So, what kind of trader am I?
Well, one of the first questions to ask is, “how much time do I have to trade currencies and how long can I comfortably be in a position?”
We can identify different trading personalities by time frame. Take a look at these different styles and see which one may fit you.
- Scalping – Scalpers are very short-term traders, usually in and out of trades within seconds. Most forex brokers discourage this type of trading. It’s also extremely dangerous due the high number of lots required to make a decent profit off a couple pips. Not for the faint of heart or shallow pockets.
- Day traders – Day traders open and close positions in the same trading session.
- Swing traders – Swing trading holds trades for days.

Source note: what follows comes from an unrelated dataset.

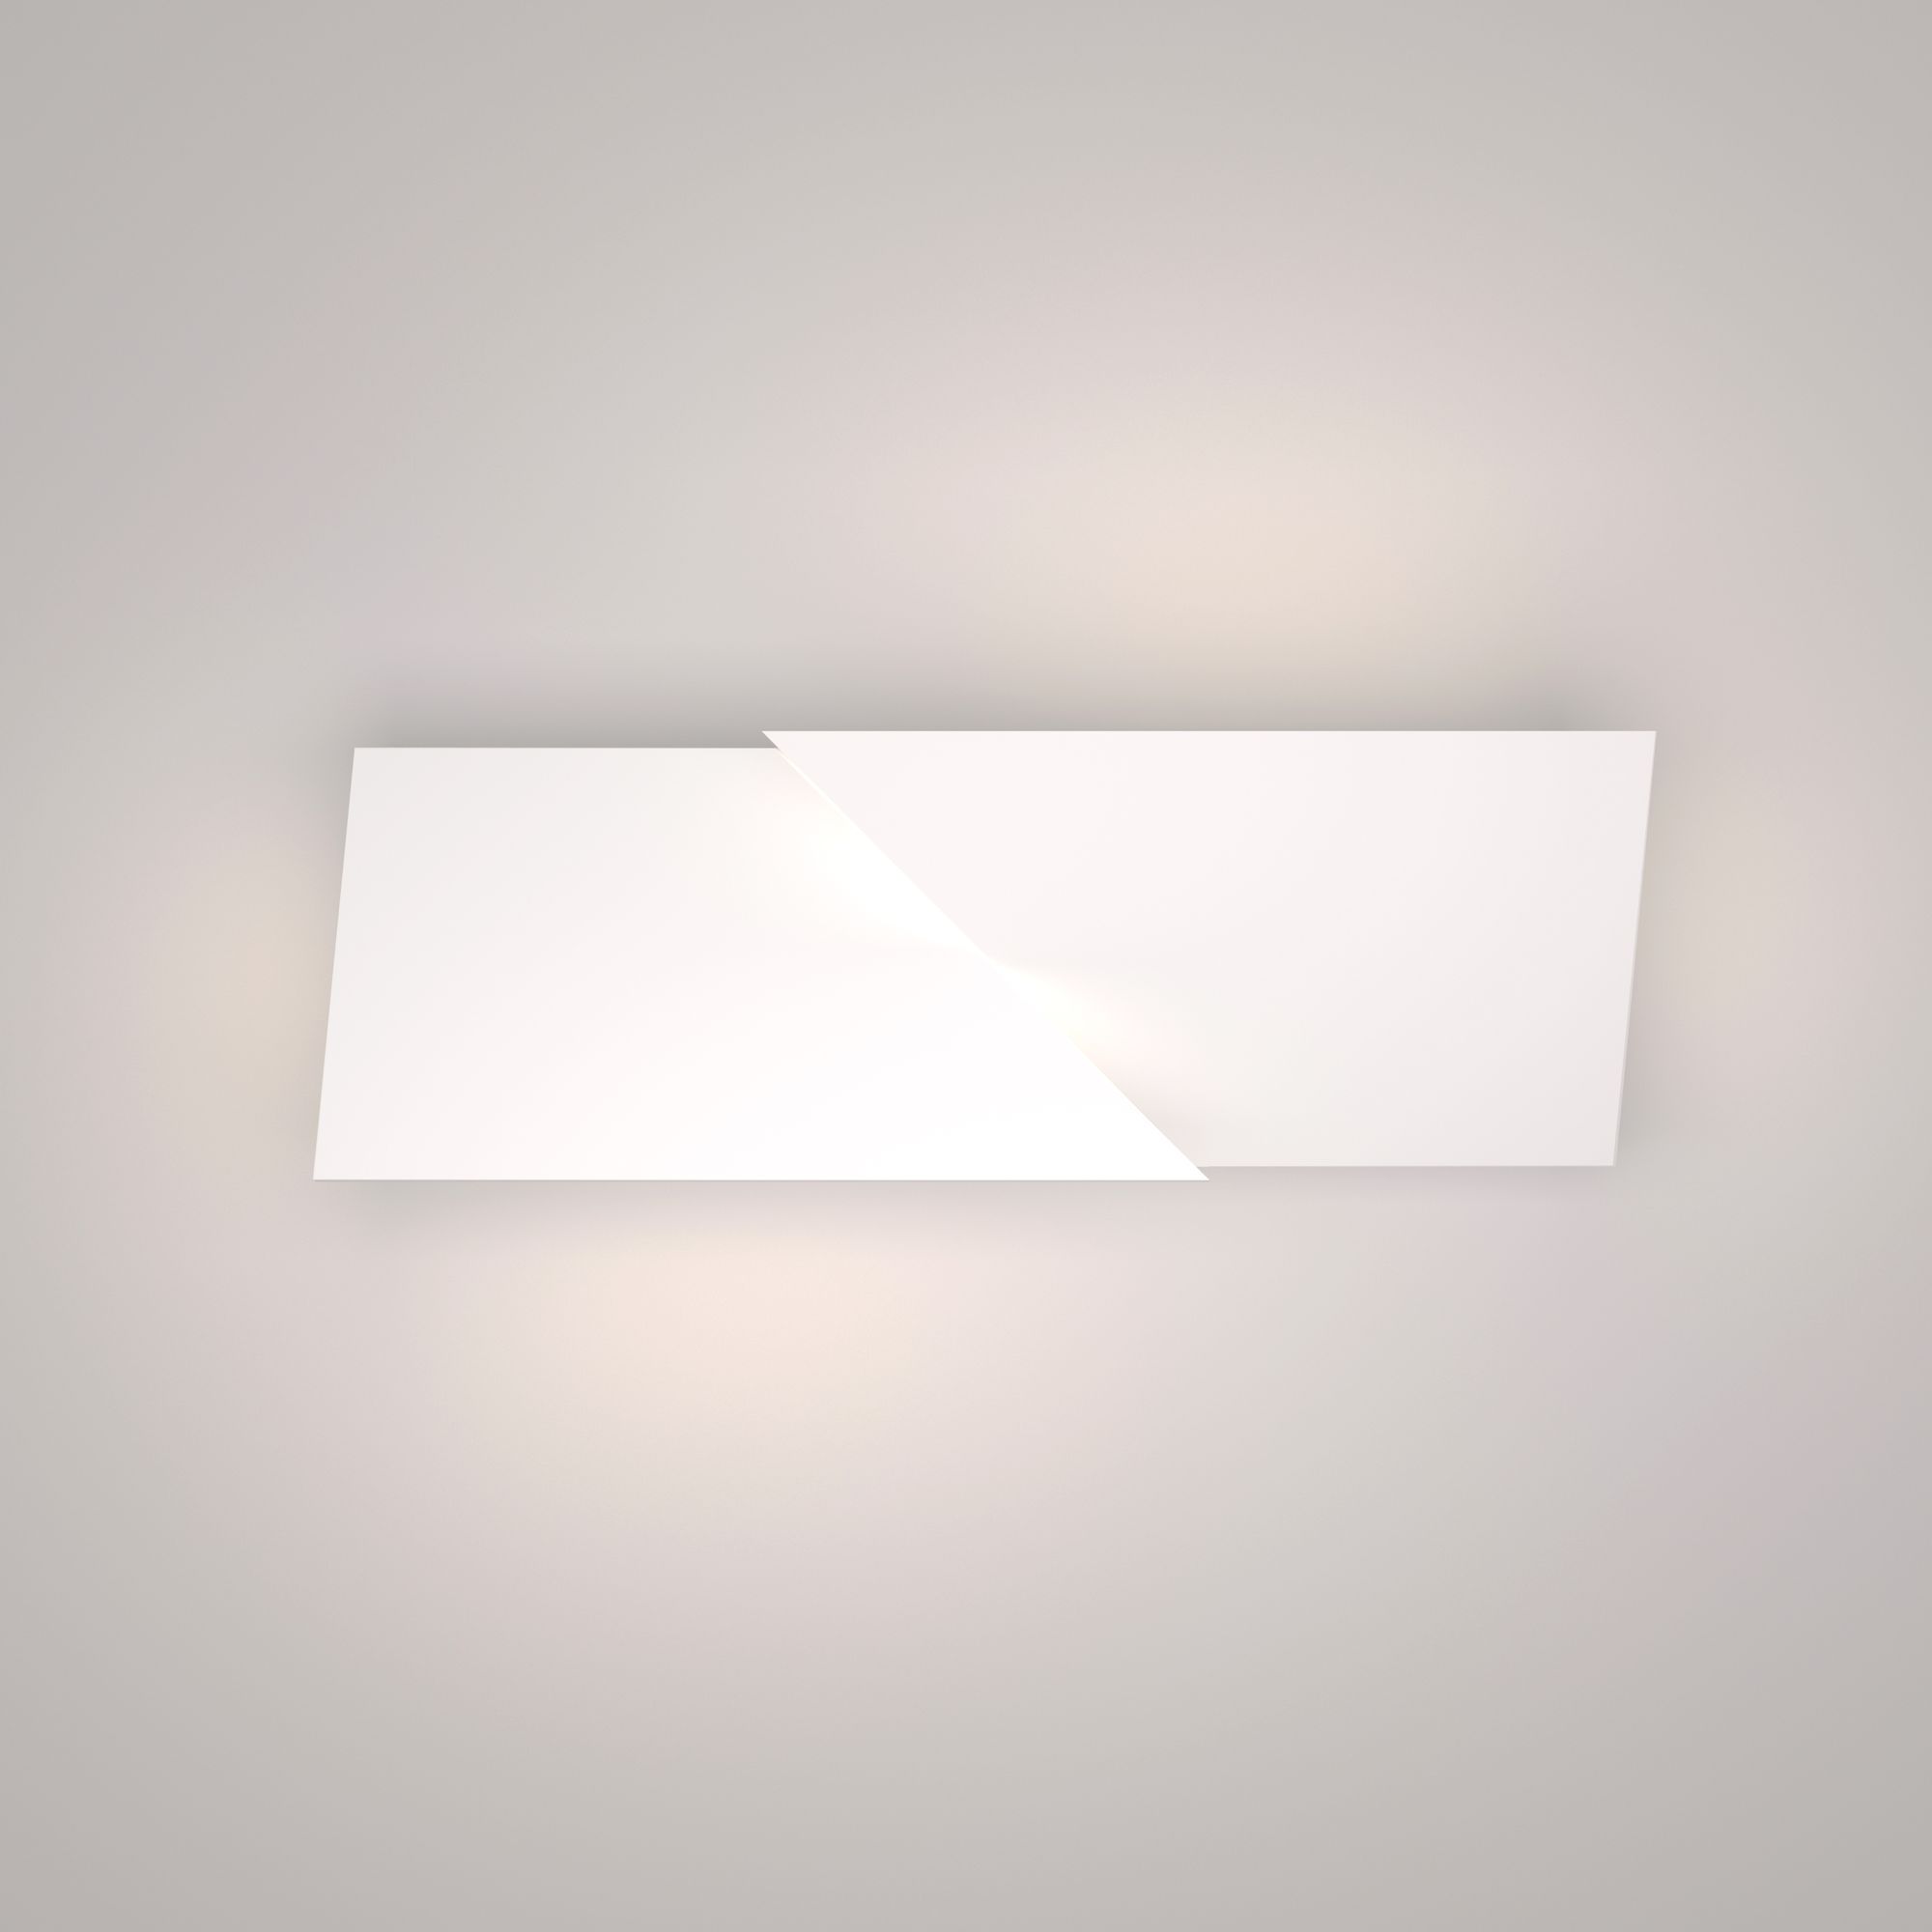 Настенный светодиодный светильник Snip LED 40106/LED белый

- Position trading – Long term position traders hold trades from weeks to months at a time.
Next question to ask is, “how do I want to analyze the market and decide on which trades to take?”
- Technical Analysis – using charts and technical indicators to analyze the past price movements of a currency pair to possibly see where the price may go in the future.
- Fundamental Analysis – Watching and analyzing economic news reports and indicators such as GDP, CPI, Employment data, or any political news that may affect a country’s economy and their currency.
And finally are you a system trader, or are you a discretionary trader?
- System Trader – a system trader or mechanical trader tends to take to signals from system of technical indicators to automatically enter and exit trades. For instance, if the stochastic indicator shows that the currency pair is oversold, the system trader will automatically enter a buy on the currency pair.
- Discretionary trader – this trading style usually refers to traders who use both technical and fundamental analysis. A trader’s technical method may signal a possible trade entry, but his or her analysis of the fundamental landscape may show a different story on the same pair.